Cisco Prime Home flaw allows hackers to reach into people’s homes

Cisco has patched a critical authentication bypass vulnerability that could allow attackers to completely take over Cisco Prime Home installations, and through them mess with subscribers’ home network and devices.

Cisco Prime Home flaw allows hackers to reach into people's homes

Cisco Prime Home is a cloud-based network management platform used by service providers to simplify the remote management and provisioning of subscribers’ home network and all TR-069-compliant in-home devices connected to it (residential gateways, IP set-top boxes, femtocells, IP phones, and so on).

It can also provide certain services to some non-TR-069 devices, such as PCs or smartphones, by proxy through the residential gateway.

Cisco Prime Home vulnerability details

The vulnerability (CVE-2017-3791), found internally by Cisco security testers, affects the platform’s web-based GUI, and can be exploited by remote attackers to bypass authentication and execute any action in Cisco Prime Home with administrator privileges.

No user interaction is needed for the exploit to work, and exploitation couldn’t be simpler: an attacker just needs to send API commands via HTTP to a particular URL.

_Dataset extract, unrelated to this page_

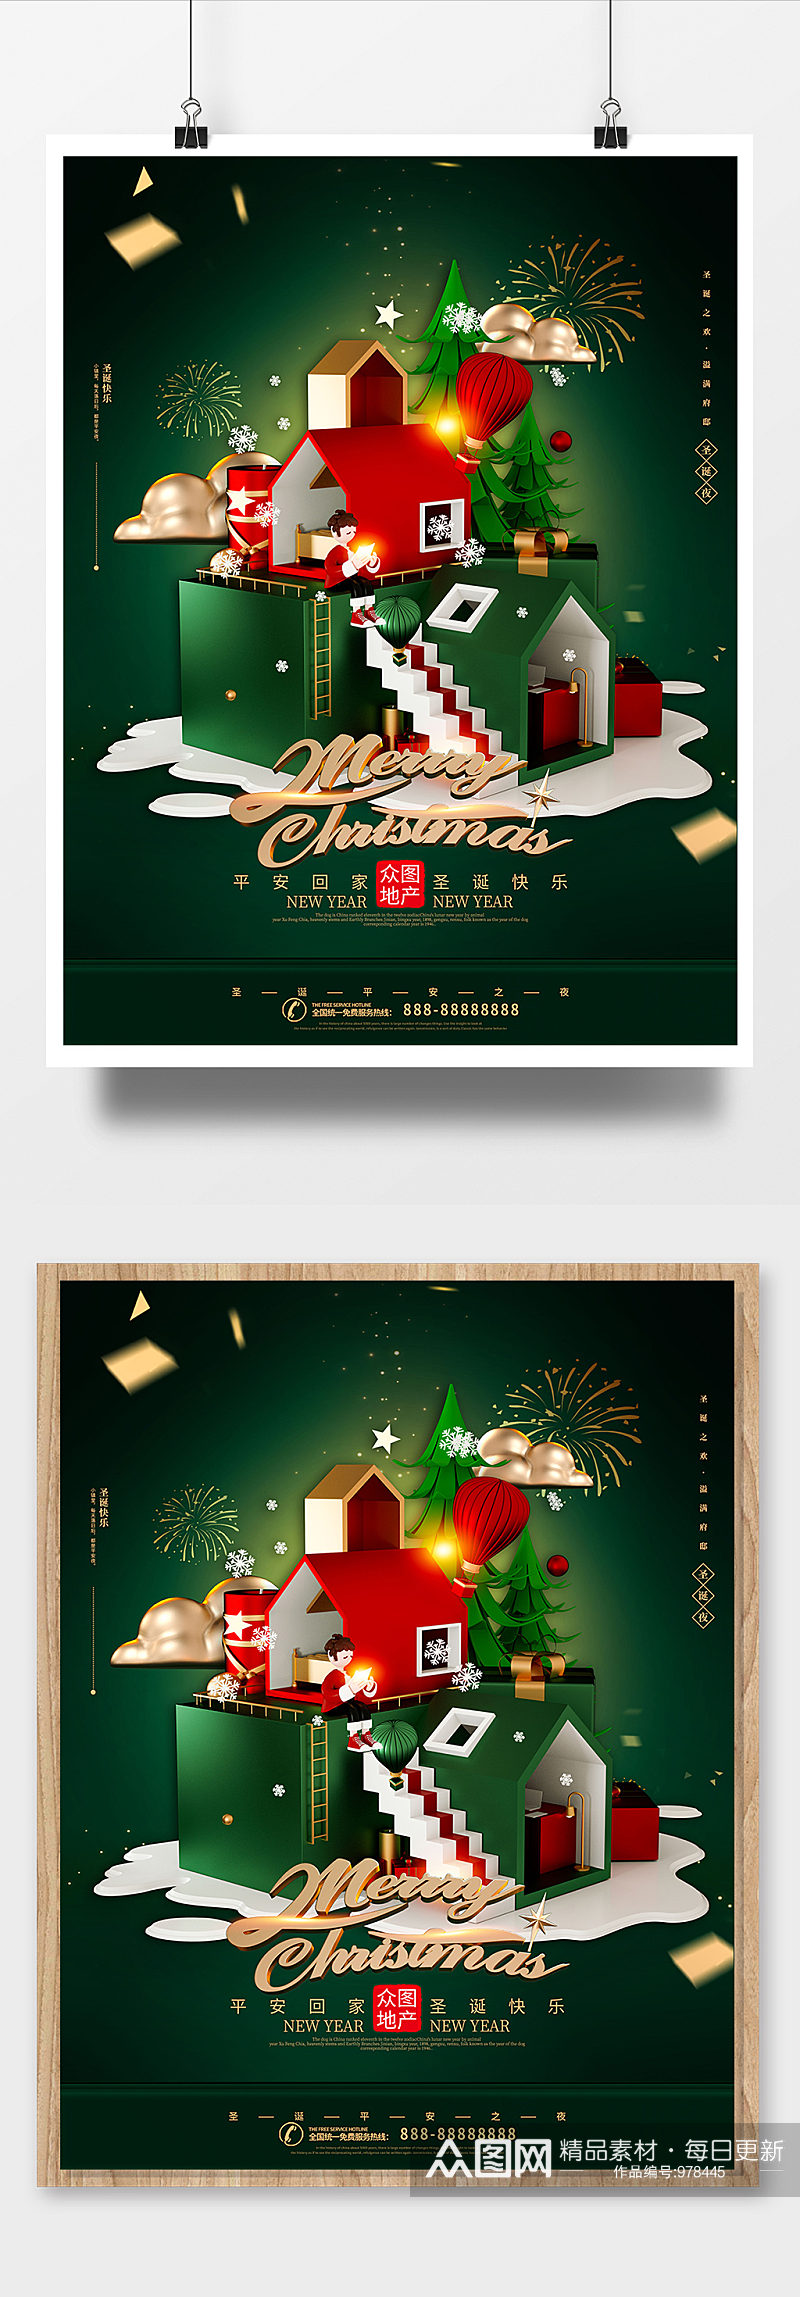 C4D梦幻圣诞节地产海报素材
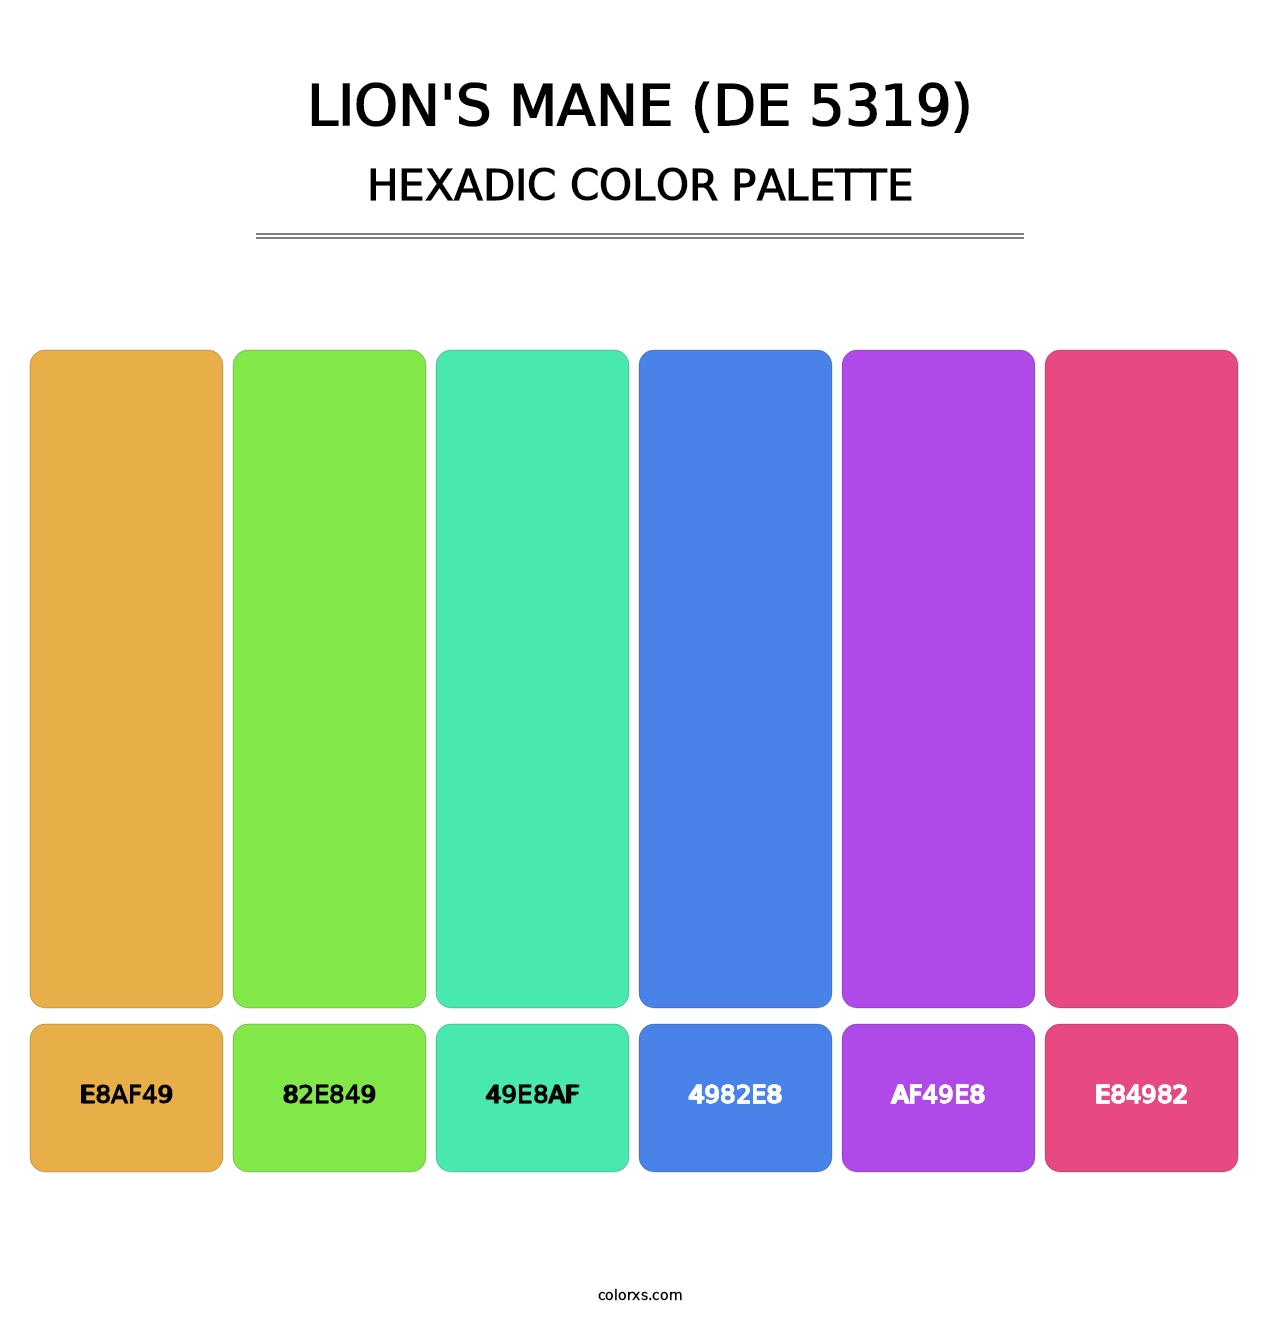 Lion's Mane (DE 5319) - Hexadic Color Palette

Update as soon as possible

There is no indication that the flaw is being exploited in attacks in the wild. But, as there is no workaround for plugging the hole, service providers who have chosen to deploy the platform on their own network instead of hosting it with Cisco are urged to migrate to version 6.5.0.1 as soon as possible.

The bug exists in versions 6.4 and later of Cisco Prime Home, but does not affect versions 5.2 and earlier.

“Administrators can verify whether they are running an affected version by opening the Prime Home URL in their browser and checking the Version: line in the login window. If currently logged in, the version information can be viewed in the bottom left of the Prime Home GUI footer, next to the Cisco Prime Home text,” Cisco instructed in the security advisory.

Three months ago Cisco squashed a very similar bug in Cisco Prime Home.